Zombies attack! It’s a zombie apocalypse, and the dead have come to life. They’re hungry, and they’re looking for food. Where are you going to go? What’s your escape route? What have you stockpiled? Will you make it in this brave new world?

Poorly planned, an IT transformation can bring about its own apocalyptic realities seemingly overnight: new processes, new technologies, and new operational behaviors. IT transformations also bring forth people who are confident and competent in the new world, and people who are not. These are the IT zombies, and their very existence jeopardizes the success of the change.
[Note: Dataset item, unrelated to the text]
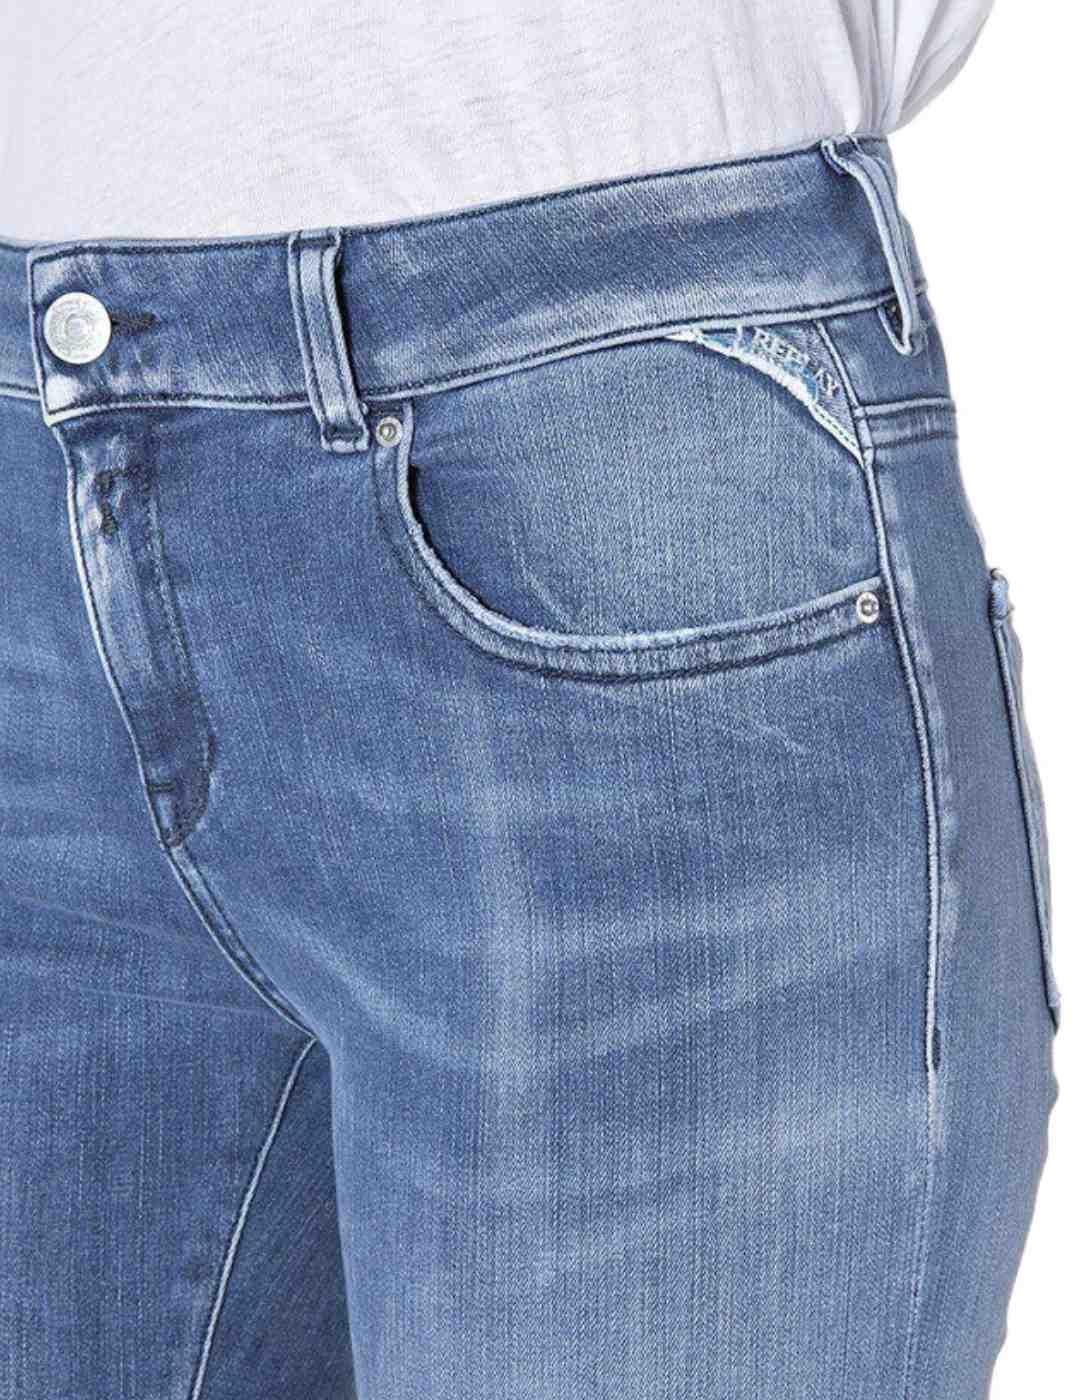 Pantalones Replay azul claro para mujer -a

When transformation happens, survival hinges on a good plan, the right gear, and practice—a lot of practice!

A Good Plan

It isn’t enough to simply survive a catastrophe. Survival isn’t the end game. It’s about thriving in the new environment where the rules have changed, the tools are different, and nothing is familiar. Thriving, and not just surviving, requires planning, and a good plan starts with people.
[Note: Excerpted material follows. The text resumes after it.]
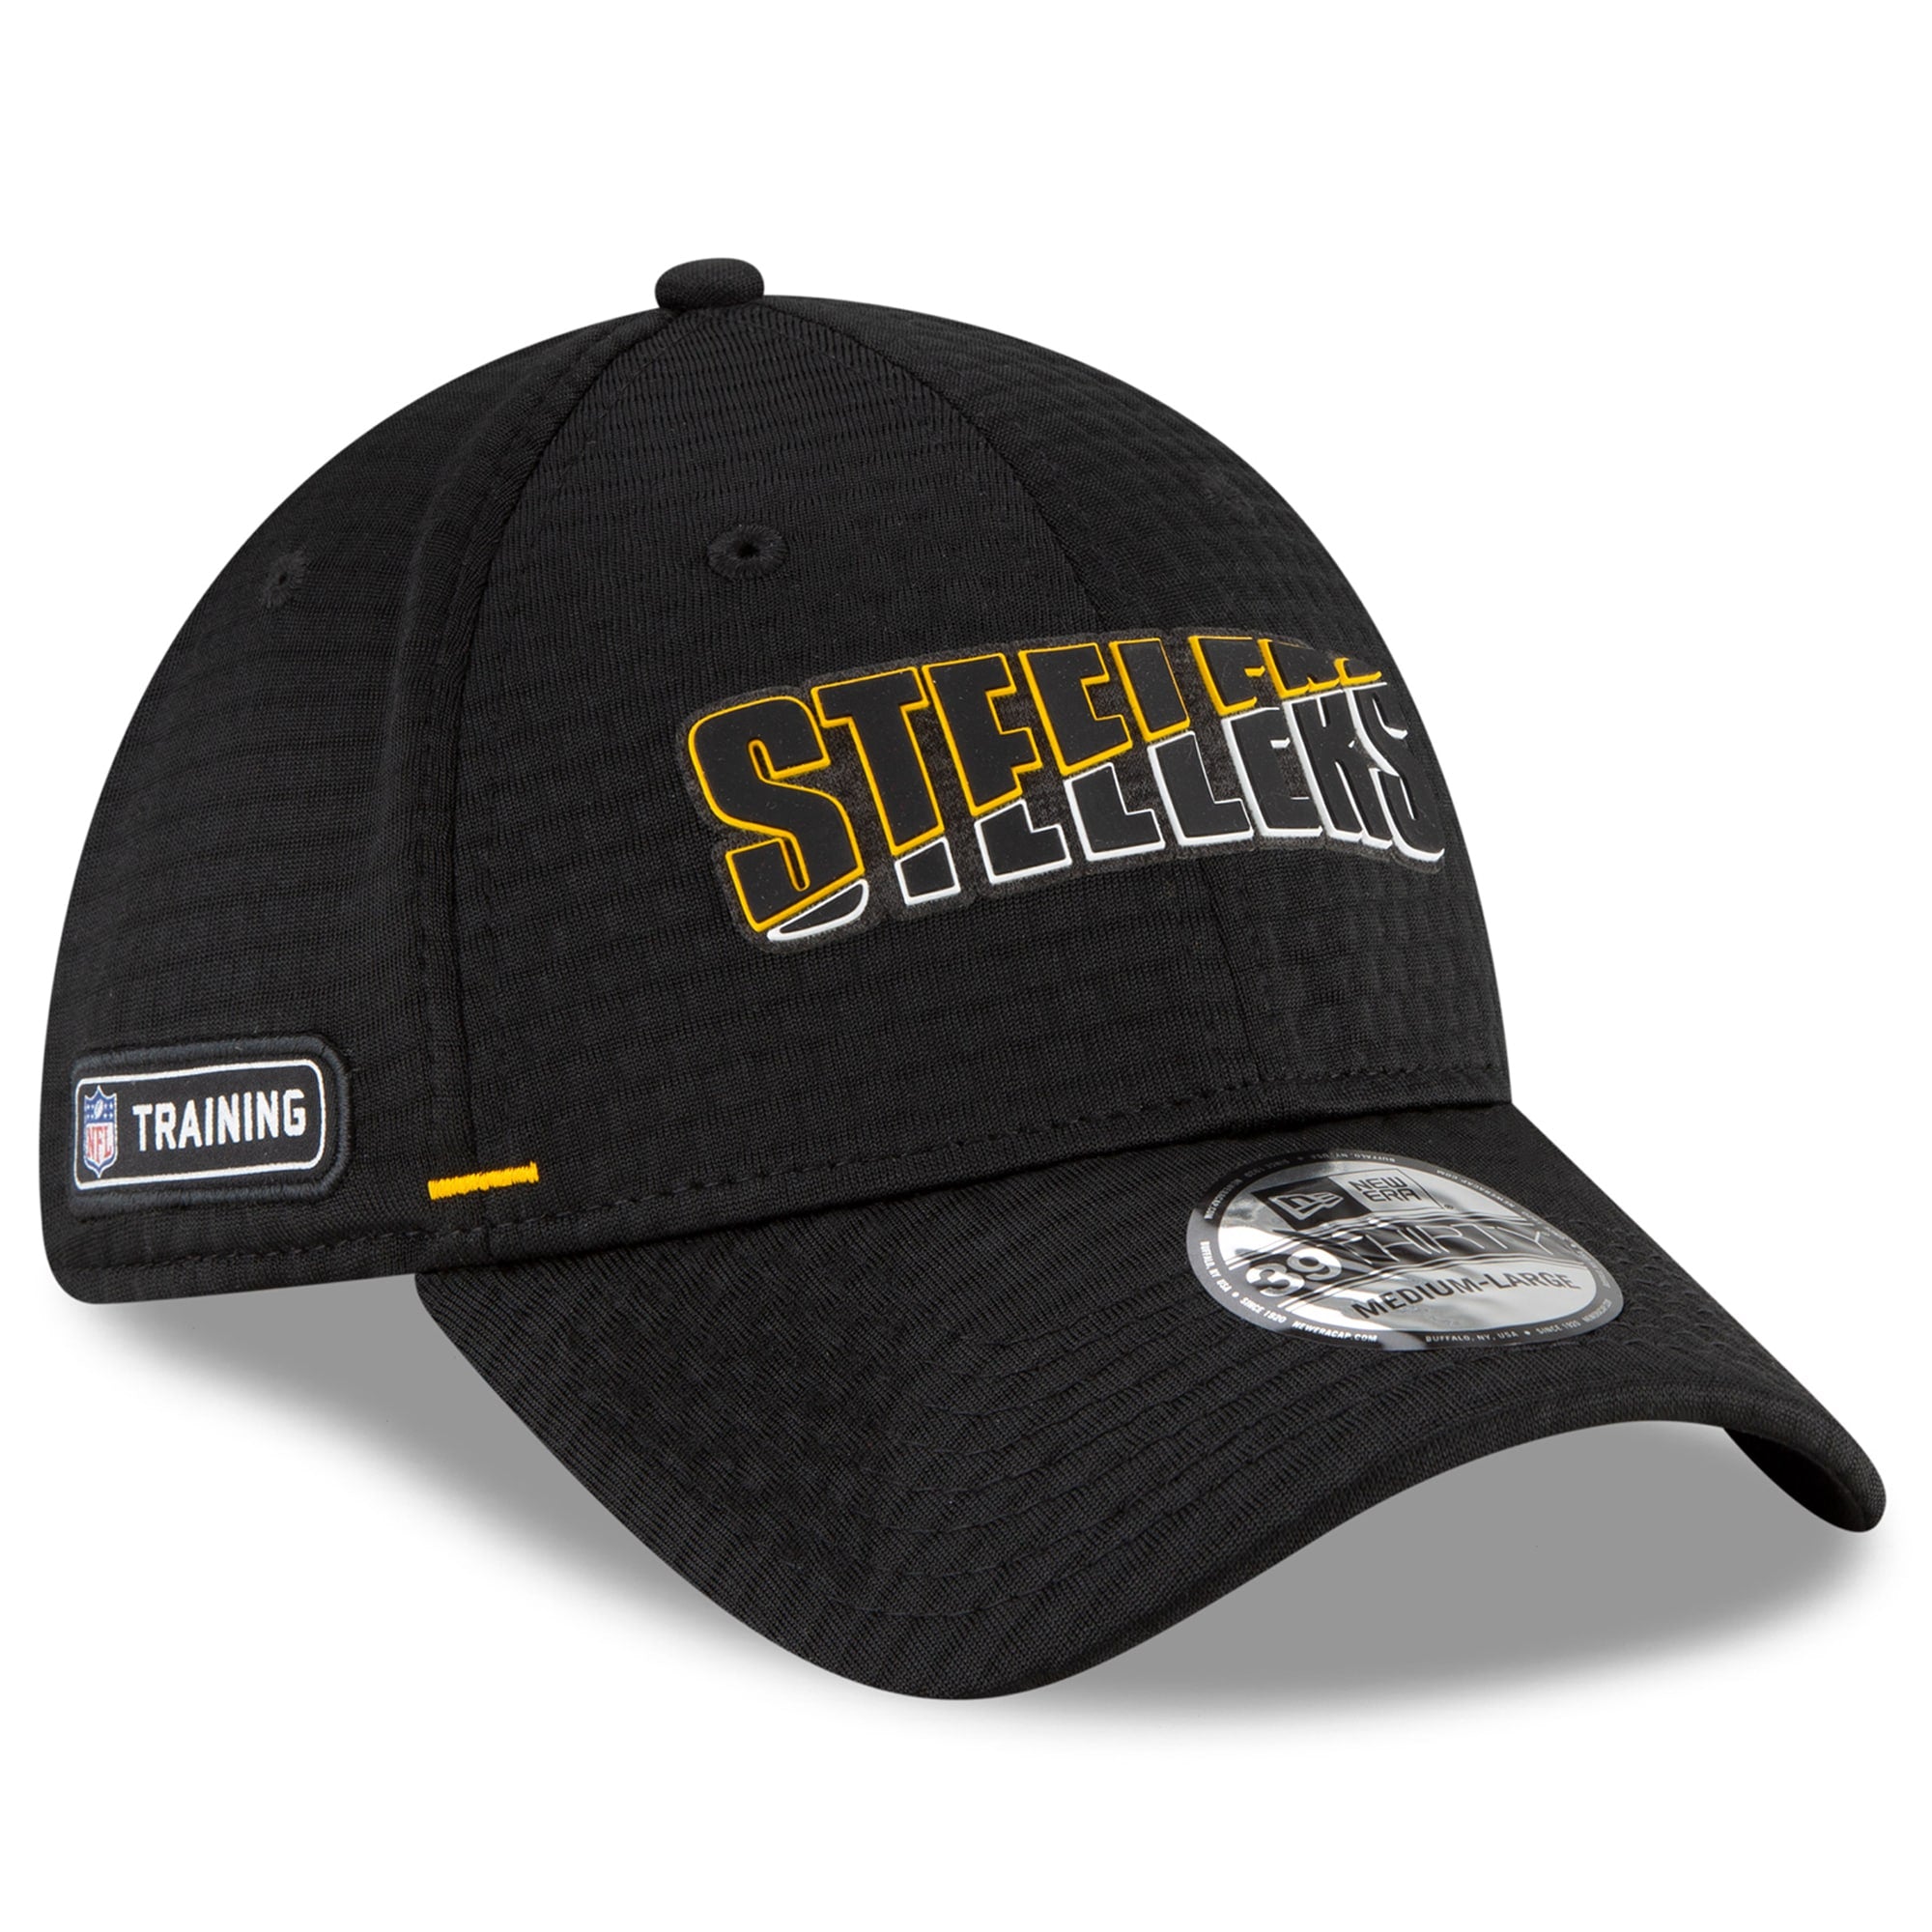 Pittsburgh Steelers New Era Bucket Sideline Training Hat

Identify Your Stakeholders

In a catastrophe, your stakeholders might be family, friends, supporters in the community, or men and women who know specific trades. In an IT transformation, your stakeholder universe includes:

  • The core team that’s been tasked with developing the change
  • Program and project leadership charged with directing the change
  • The extended core team that houses the all-critical, make-it-or-break-it subject matter experts who understand the mechanics and fine details of the process, technology, and people
  • Change champions or key influencers who are willing to apply their reputations and enthusiasm to the coming change
  • Participants in pilots and early release activities (immediate stakeholders)
  • End users that are directly affected by the change when it goes live (extended stakeholders)

Motivating people to change starts with knowing who they are, and there are usually more stakeholders than you think.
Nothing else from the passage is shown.